Then there were lots of paper rustling sounds in her office and other strange noises and she came out and went into another office where we could hear voices arguing for a while. But finally, she came out and gave us the piece of paper with the 16 euro Marca da Bollo on it and a signature. This signature signified that the other signature was a signature.

Then we drove back to Pietrasanta to our attorney's office where we spent an entertaining forty-five minutes trying to log onto the automatic document system that I had previously had to set up an account for, at which point the attorney said, "Why doesn't your criminal record have an Apostille with it?"

The answer is that no one ever told me that I needed an Apostille for the criminal record and I myself had never heard of an Apostille in my first 60 years of being alive on earth and so have no clue when you need one and when you don't. An Apostille seems insane to me.

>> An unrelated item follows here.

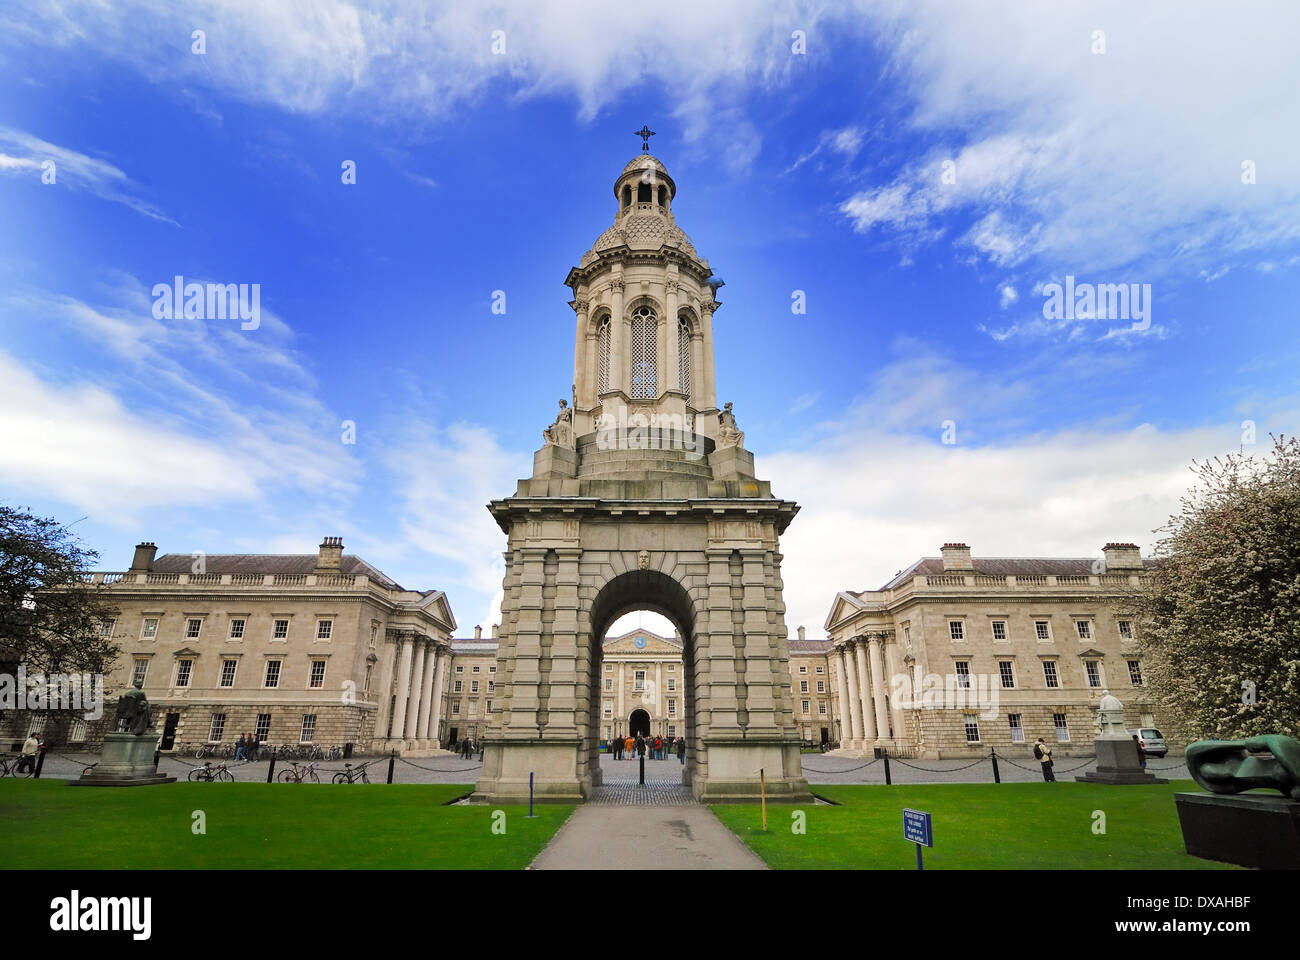 View of the main building at the entrance of the Trinity College, Dublin, Ireland Stock Photo

But now -- immediately -- I need it. I need it before the criminal record expires in a few weeks. And the only place to get it is in Washington, D.C. where I have to present the original piece of paper saying I have no criminal record (a piece of paper that was at that moment with me in Italy) and then wait two weeks and go pick up the piece of paper with the Apostille now attached. Then they will both have to be re-translated by the official translator who will go swear in front of the judge that her translation is a translation and then uploaded into the fun electronic system.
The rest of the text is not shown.